**EXERCISE:** Your answer must be the data repeated exactly, with no pictures in it.

**SUPPLIED INFORMATION:**
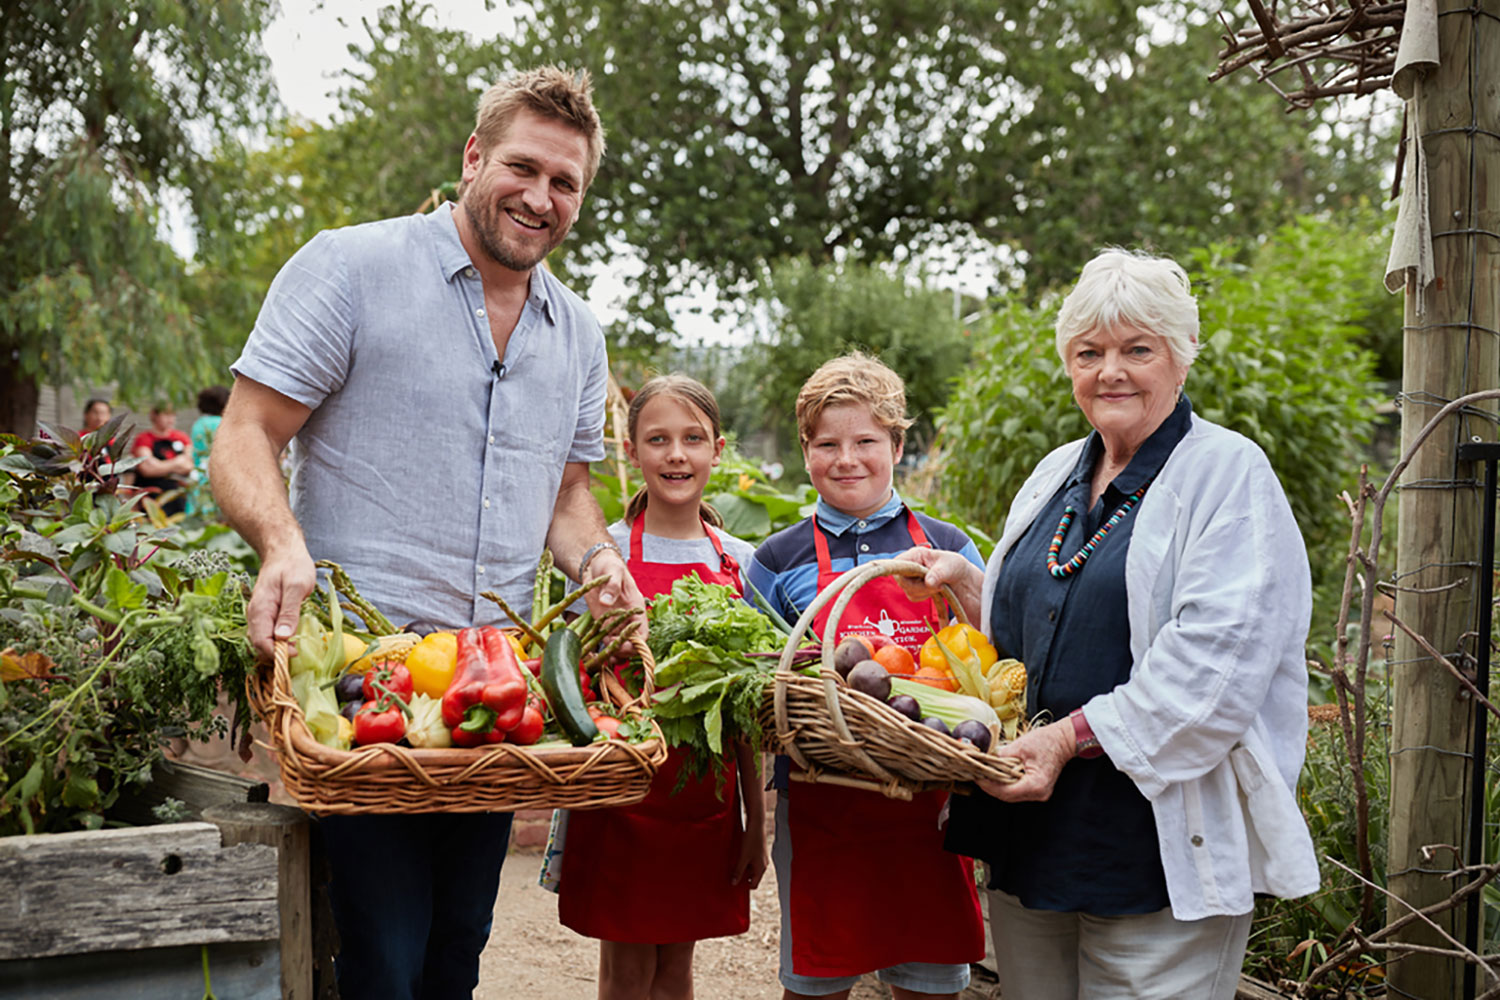 Stephanie Alexander and Curtis Stone with Alice and Josh at Collingwood College garden
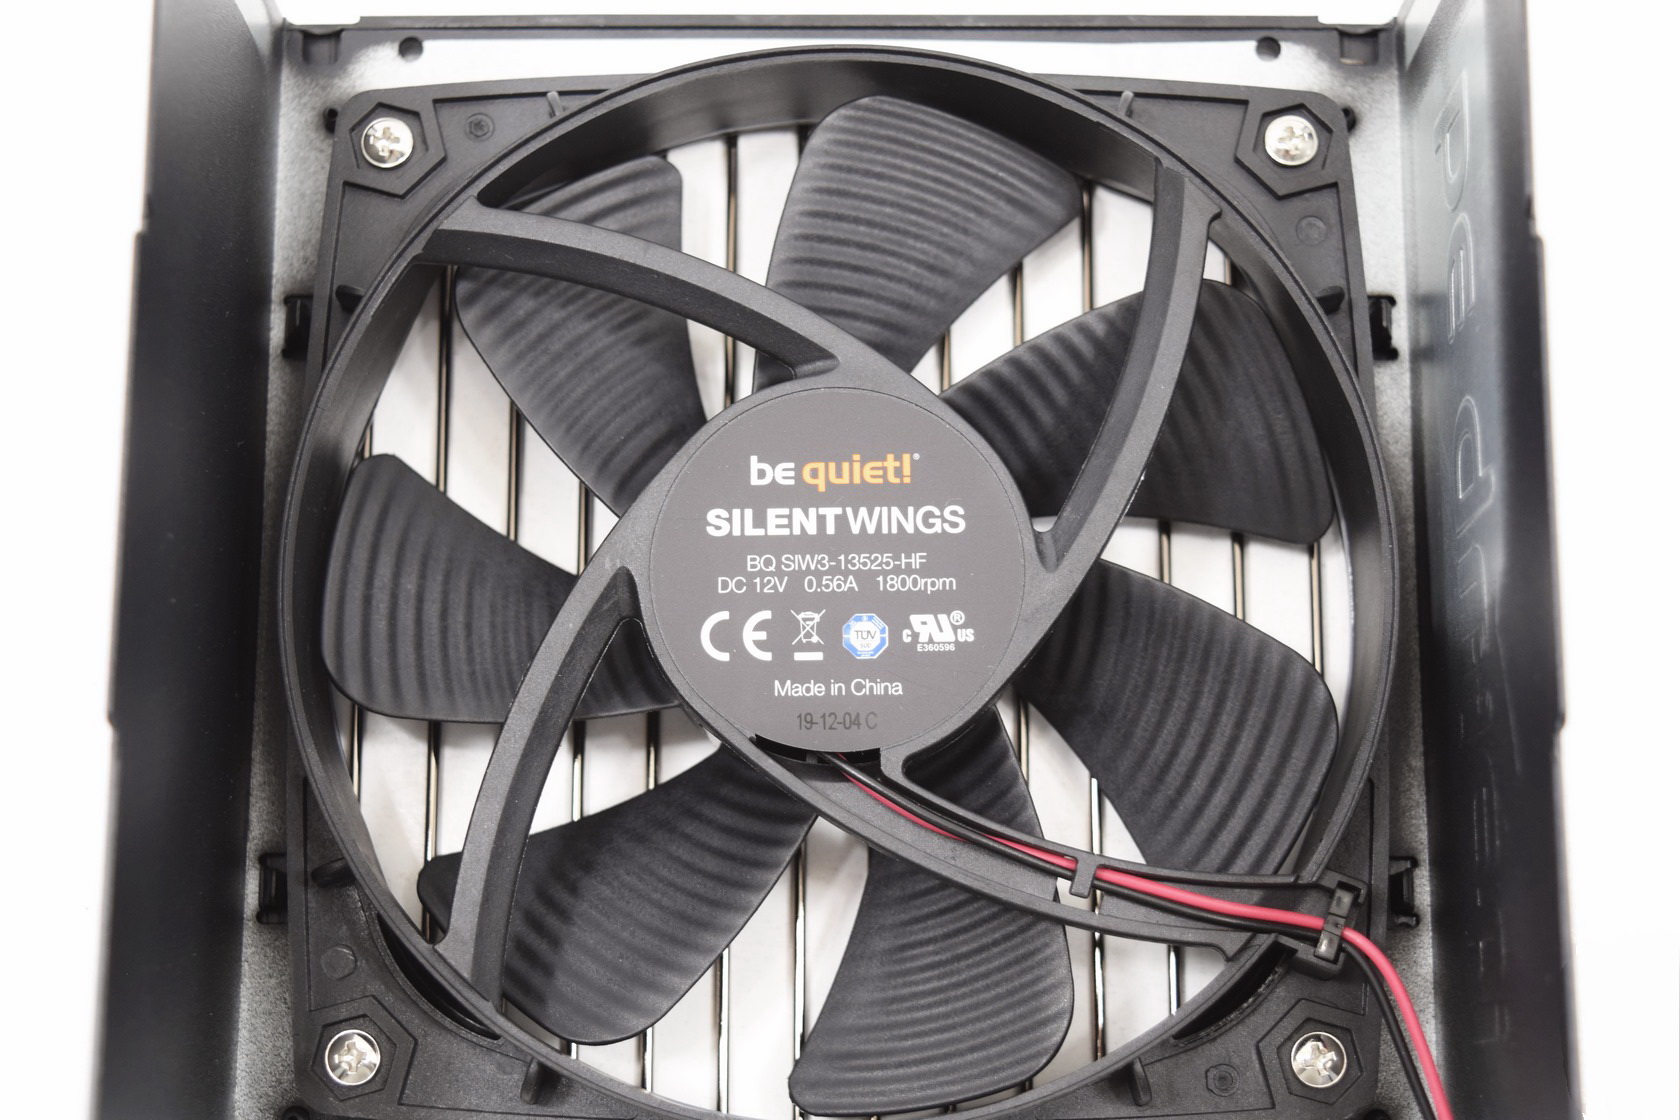 The Be Quiet! Straight Power 11 750W PSU - The Be Quiet! Straight Power 11  750W PSU Review: Excellent Quality, But Not Quiet
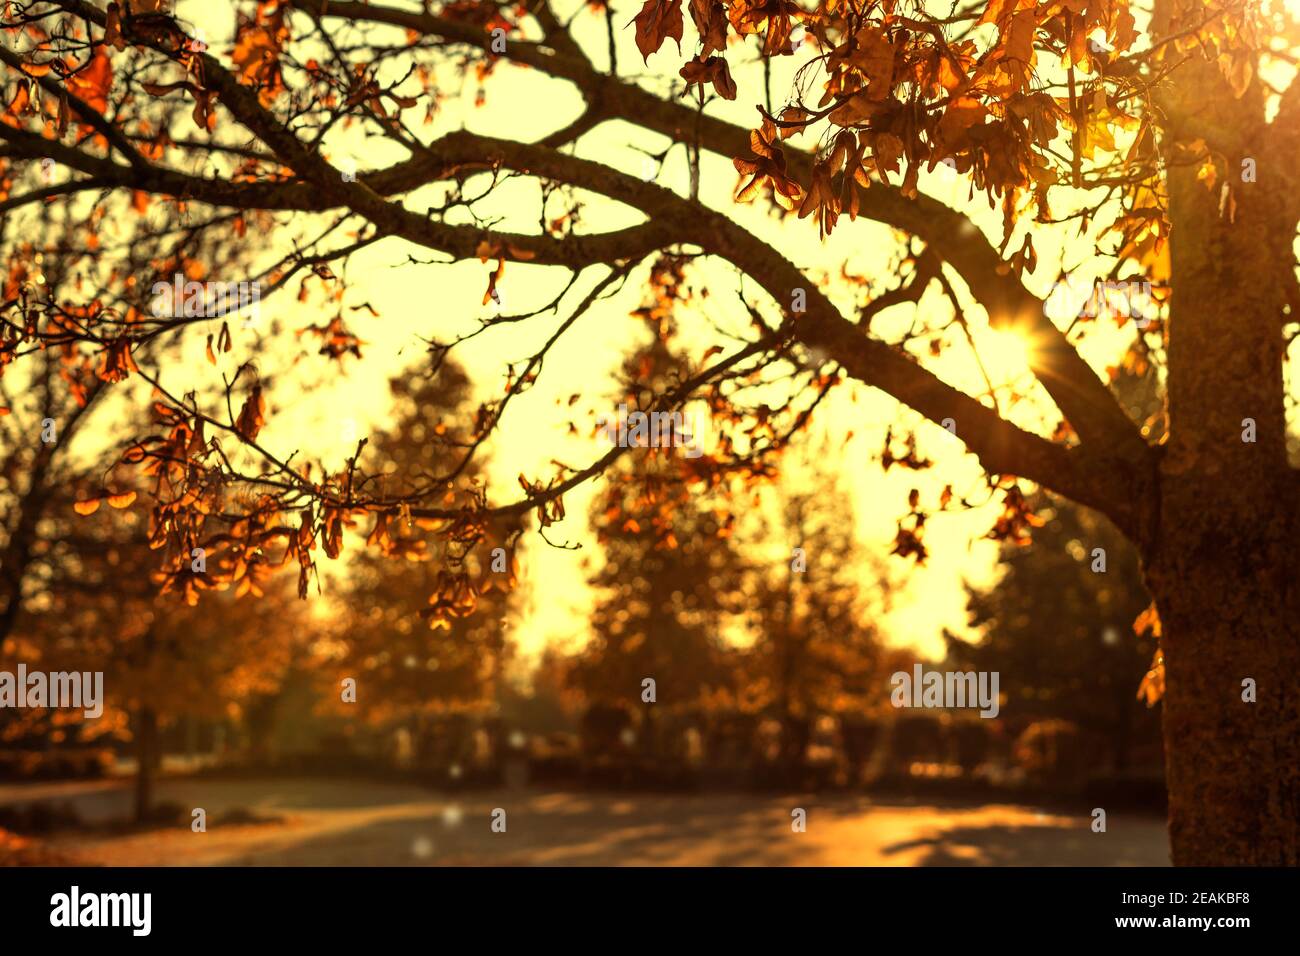 autumn concept, sunrise with autumnal colorful leaves on branches from the tree. Stock Photo

**OUTPUT FOR THIS EXERCISE:**
 Stephanie Alexander and Curtis Stone with Alice and Josh at Collingwood College garden
 The Be Quiet! Straight Power 11 750W PSU - The Be Quiet! Straight Power 11  750W PSU Review: Excellent Quality, But Not Quiet
 autumn concept, sunrise with autumnal colorful leaves on branches from the tree. Stock Photo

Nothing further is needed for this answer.